Leaning forward, the vicar tactfully rotated his service sheet. It was upside down. He handed it back, his eyes twinkling, kindly. We gave our best vows.
Within a year, the situation was reversed. I arrived only just ahead of him. Only this time, it was his funeral. If the occasion hadn’t been such an achingly sad one, I know he’d have loved my timing, slipping in before his coffin.
Just 21, the church was full of his school and university friends, his family – and most heart- breaking of all, his younger siblings, who wept, inconsolable, unable to bear the echoing void of his absence.
This time the vicar – the young man’s godfather – did not even try to distract us with doctrine. He acknowledged what he saw. What we all felt. This death was too raw. Suffering was palpable; acceptance far off. He could not pluck comfort from the air – even if the church smelt sweet from lillies, and damp from centuries of worship and rainfall.
After the service, we stood in the wooded churchyard, blinking in the sunshine. The cortege made its way across the newly-mown grass to the freshly dug grave. As I followed, reluctant and apprehensive, I looked around me at the weeping figures, standing under the trees. They were all so young, so beautiful – utterly distraught. This experience was new to most of them. It had an intensity of feeling and a novelty of regret they were unused to – even surprised by.

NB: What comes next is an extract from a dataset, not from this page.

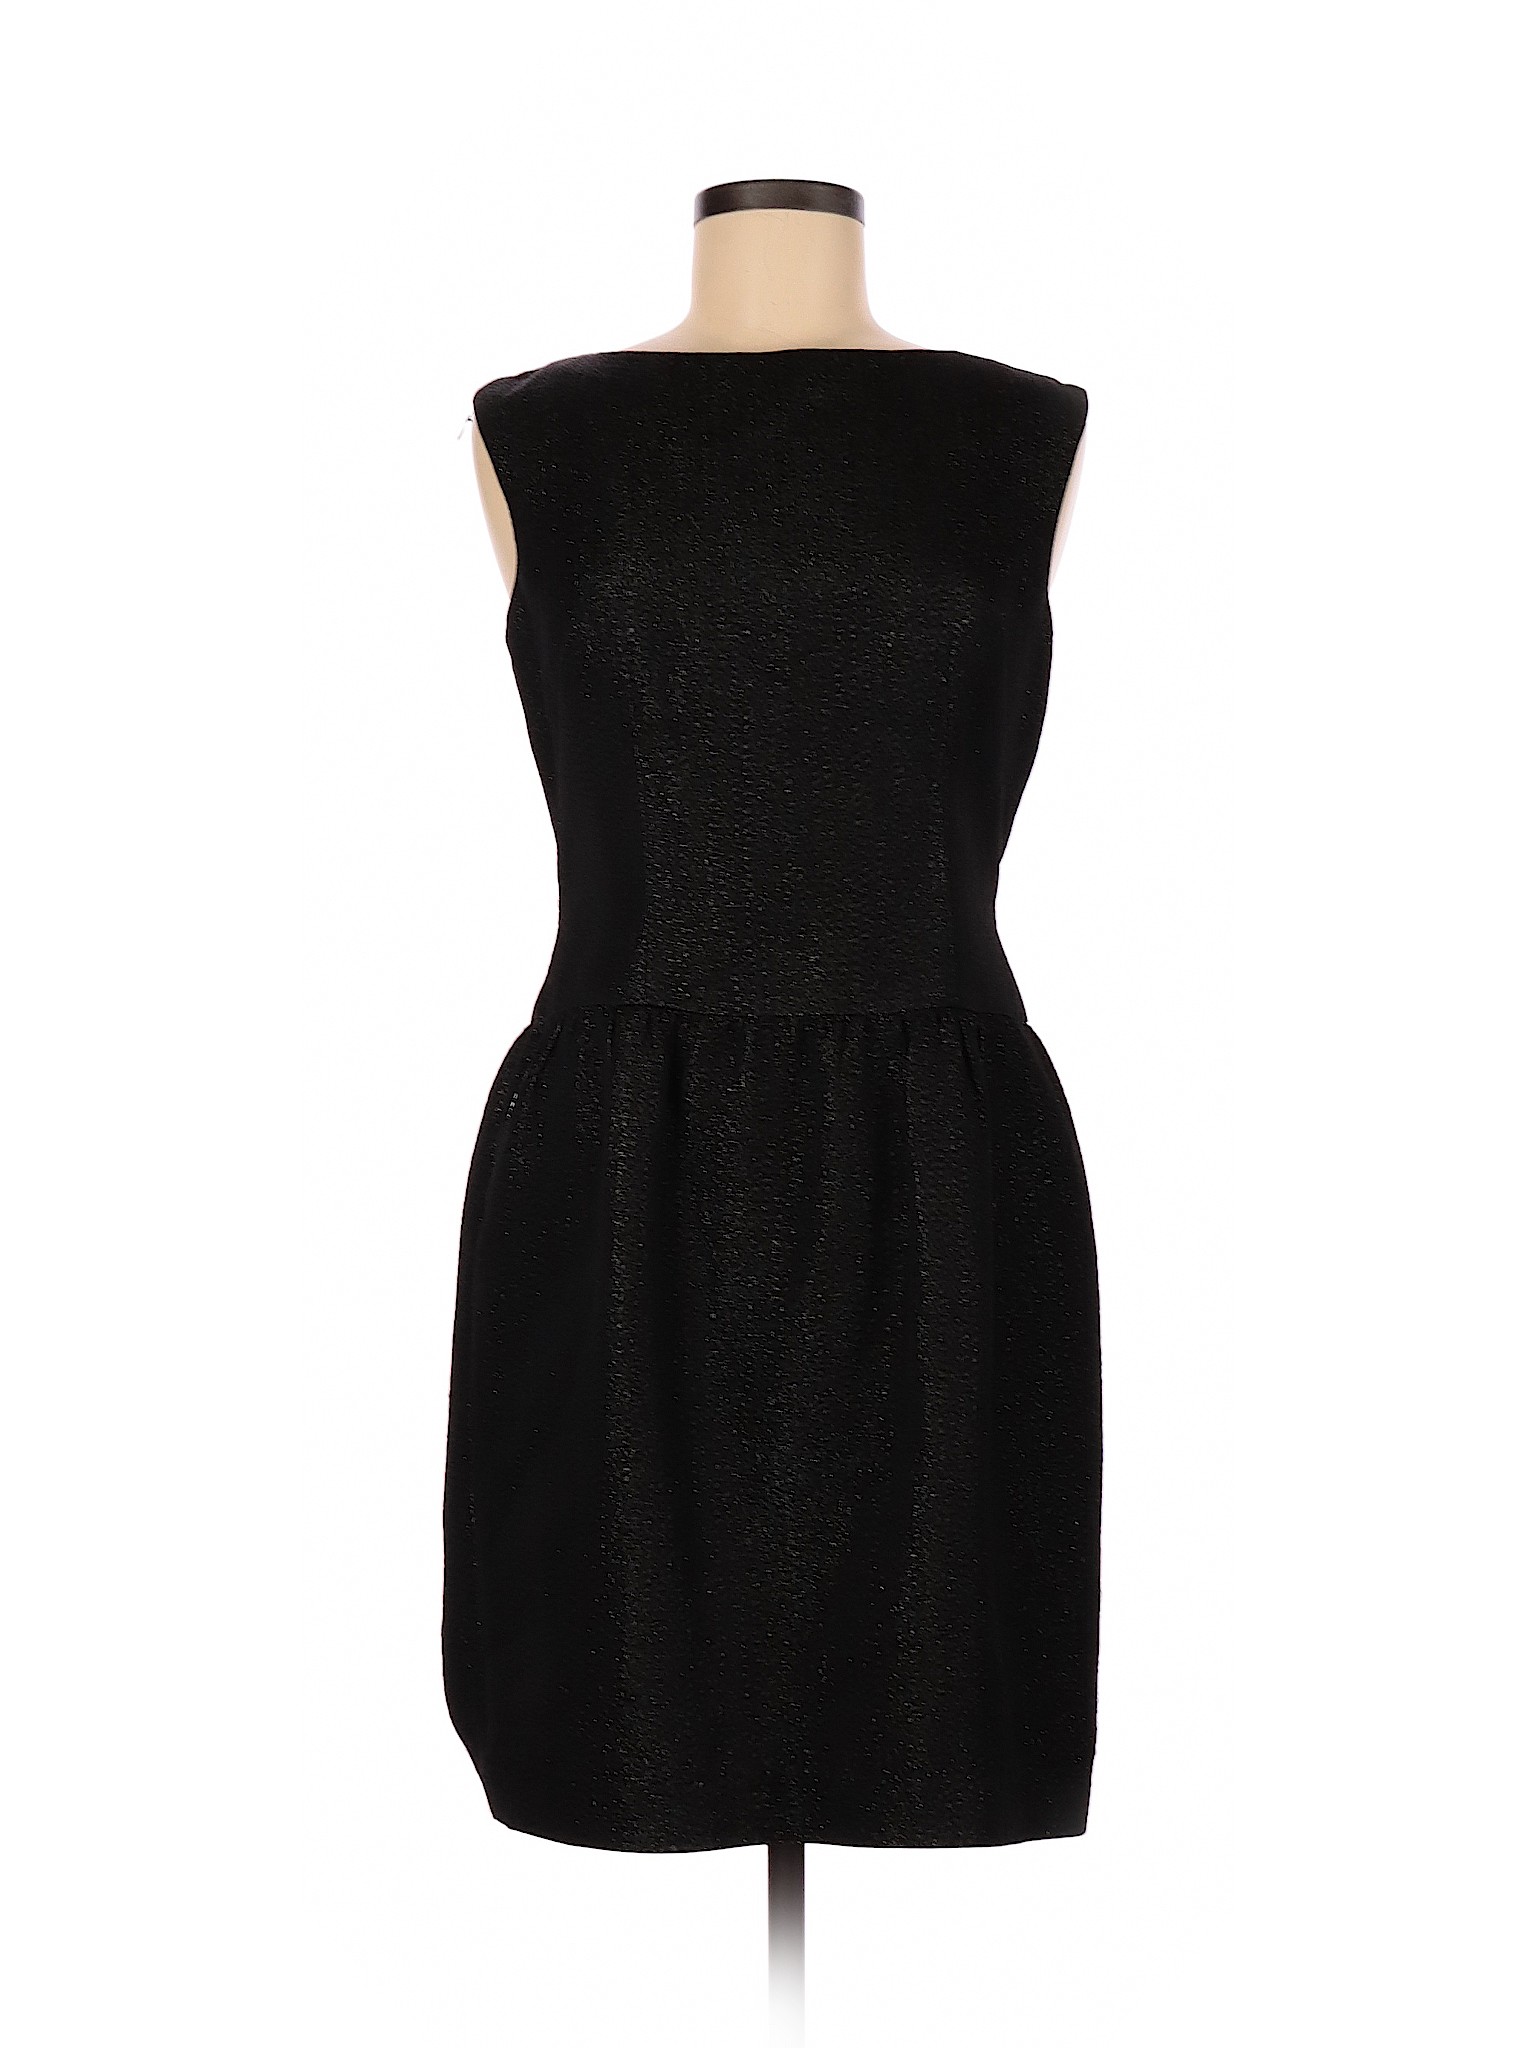 An original MILLY of New York Women Black Cocktail Dress 6 | eBay
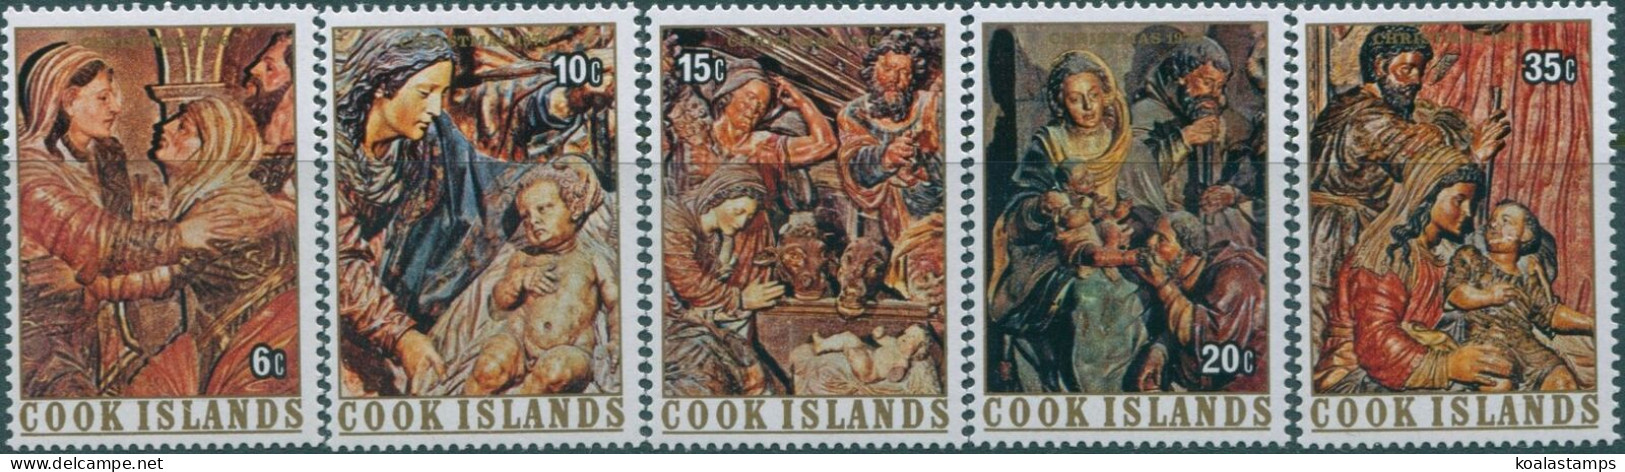 Cook Islands 1976 SG556-560 Christmas Set MNH - Cookinseln

Yet this scene, in 1914, must have been repeated up and down the country, both here and on the Continent. On an almost daily basis, the bells and church yards in cities, towns and the tiniest rural hamlets must have been rung, and wrung with grief. Sometimes only a handful of dwellings – but faith tested to the limit, again and again.
Death came daily to the young – and in spades. The only difference from now and 1914 was the privilege of mourners. Most of the young men holding one another close at the funeral I attended would have been absent – fighting for their lives.
Somewhere in the hell of exploding shells, rancid water, mud and the death rattle of machine guns , they may have told themselves it was for King and Country.
But for the lissom girls, tearful and clinging in disbelief, what comfort could there be? Could this generation carry on as their great grandparents had done? Let’s hope they never have to find out.